Ivory is a hard, white material from the tusks (traditionally from elephants) and teeth of animals, that consists mainly of dentin, one of the physical structures of teeth and tusks. The chemical structure of the teeth and tusks of mammals is the same, regardless of the species of origin, but ivory contains structures of mineralised collagen. The trade in certain teeth and tusks other than elephant is well established and widespread; therefore, "ivory" can correctly be used to describe any mammalian teeth or tusks of commercial interest which are large enough to be carved or scrimshawed.

Besides natural ivory, ivory can also be produced synthetically, hence (unlike natural ivory) not requiring the retrieval of the material from animals. Tagua nuts can also be carved like ivory.

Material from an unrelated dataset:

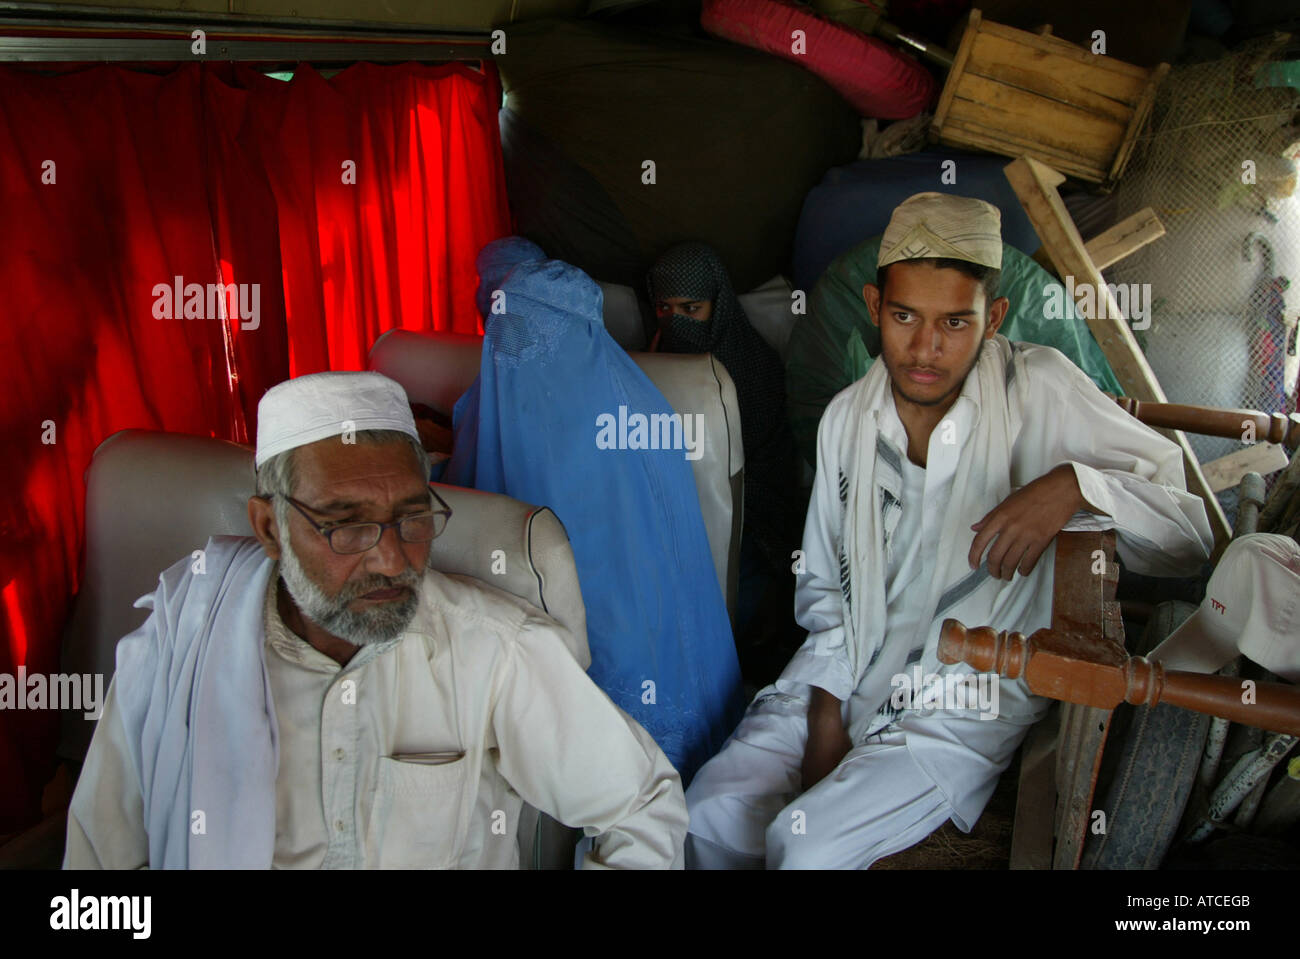 Económico afganos refugiados en Peshawar se ven obligados a regresar a Afganistán Foto de stock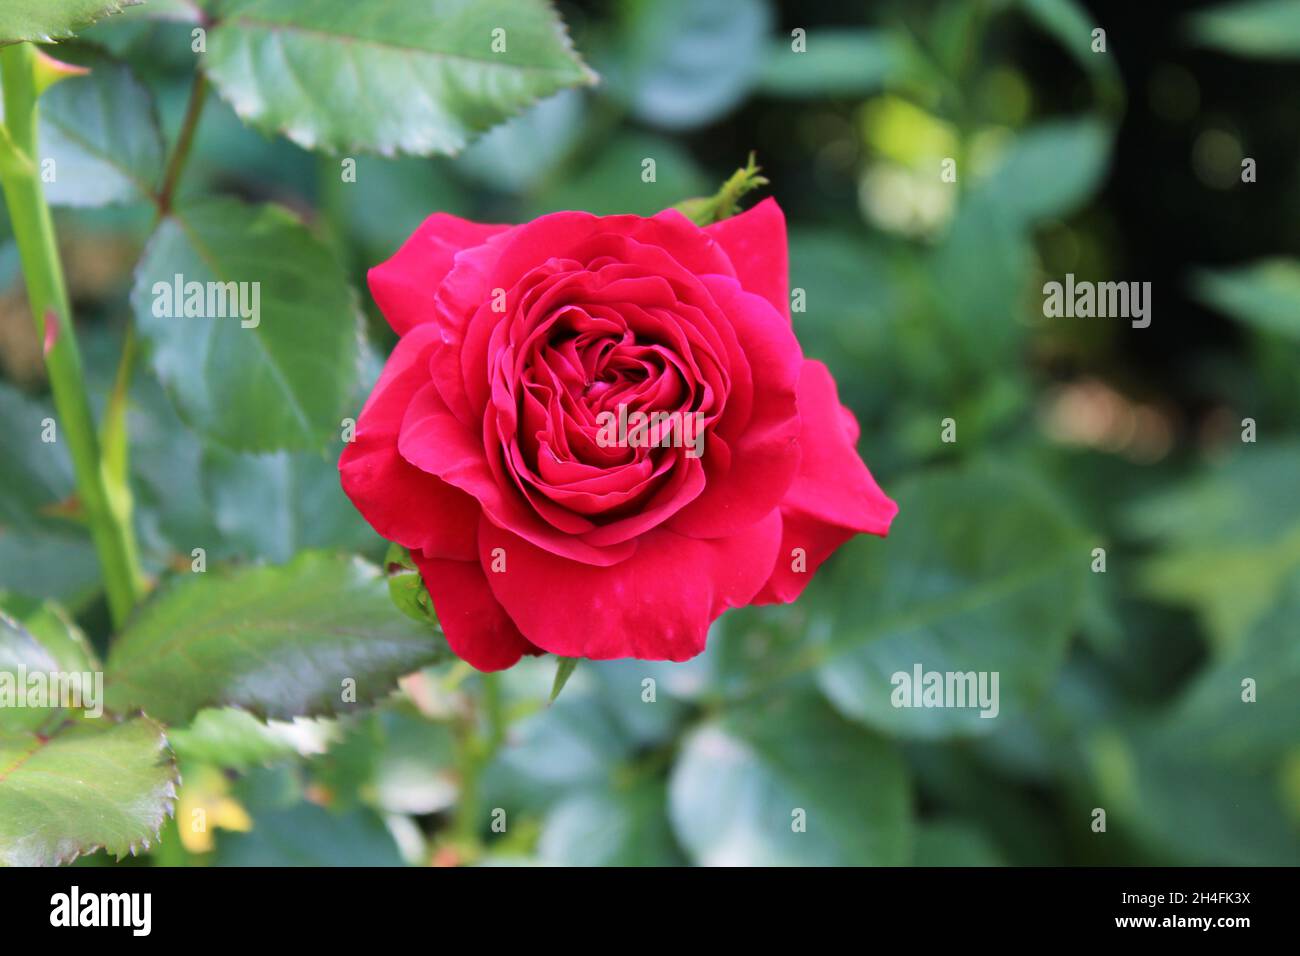 Die Blüte einer gefüllten roten Rose mit Rosenblättern (Nahaufnahme) in einem Garten. Stock Photo

The trade of finished goods of ivory products has its origins in the Indus Valley. Ivory is a main product that is seen in abundance and was used for trading in Harappan civilization. Finished ivory products that were seen in Harappan sites include kohl sticks, pins, awls, hooks, toggles, combs, game pieces, dice, inlay and other personal ornaments.

Ivory has been valued since ancient times in art or manufacturing for making a range of items from ivory carvings to false teeth, piano keys, fans, and dominoes. Elephant ivory is the most important source, but ivory from mammoth, walrus, hippopotamus, sperm whale, orca, narwhal and warthog is used as well. Elk also have two ivory teeth, which are believed to be the remnants of tusks from their ancestors.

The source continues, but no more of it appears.